Closed allohvk closed 2 years ago
@ydshieh It gets a bit more wierder. Today I tried to directly use the Longformer bypassing Huggingface.
It needed minor changes to the above code. The link is here: https://colab.research.google.com/drive/1R5uDsbl3ZmUIccZtefVNBs3CXU_vcDZd?usp=sharing
The observations continues to be perplexing: CASE 1: ATT_MODE = 'sliding_chunks'; 100% LOCAL attention ie attention_mask = 1 for all tokens SLIDE_WIN_SIZE = 256(default) takes between 9-10 hours to train SLIDE_WIN_SIZE = 1024 takes between 9-10 hours to train Observation: Sparse attention with 256 tokens windowsize should not take same fine-tuning time as 1024 tokens
CASE 2: ATT_MODE = 'sliding_chunks'; NO attention ie attention_mask = 0 for all tokens SLIDE_WIN_SIZE is immaterial Observation: It is observed that even if none of tokens attend to each other, training time taken is same as case 1 above ie 9-10 hours which should not be the case
CASE 3: ATT_MODE = 'sliding_chunks'; 100% Global attention: ie attention_mask = 2 SLIDE_WIN_SIZE is immaterial Observation: With 100% global attention, every token attends to each other.

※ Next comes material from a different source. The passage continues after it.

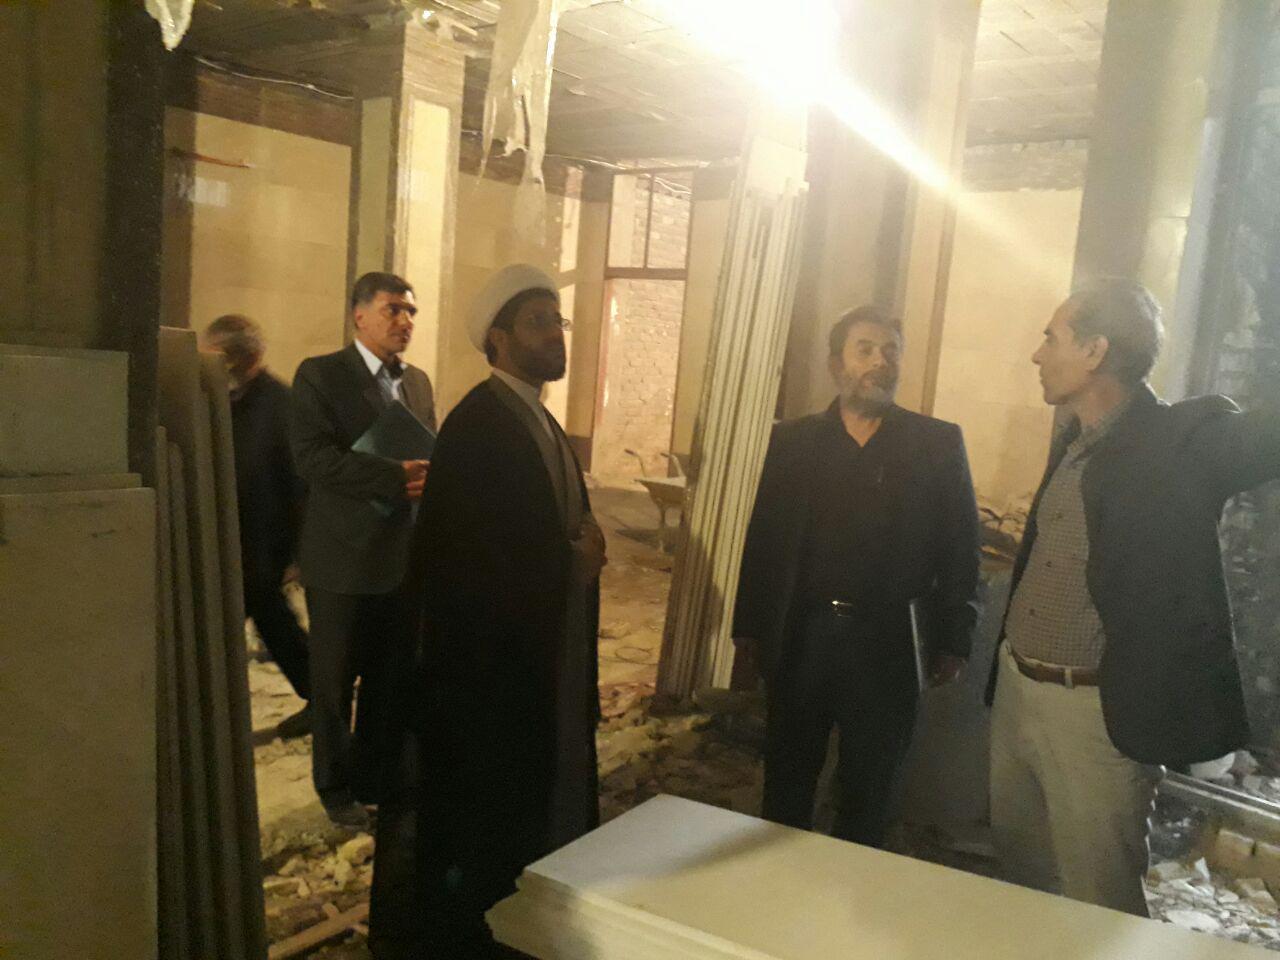 بازدید حاج آقا هاشمی امام جمعه محترم ( رئیس هیات امناء امزاده)،آقای آزادگی رئیس محترم اداره اوقاف،م

It is observed that if all tokens attend to each other, training time taken is 16-17 hours. This training time should be similar to Case 4 which is NOT the case
Case 4: This is the most bizzarre ATT_MODE = 'n2' We can simply set choose the attention mode = 'n2' which is regular quadratic attention. Theoritically this should take same training time as Case 3 (when all tokens are marked as global) Observation: n2 attention takes the lowest training time of approx 2 hours only which is exact opposite of what LOngformer is supposed to do !!!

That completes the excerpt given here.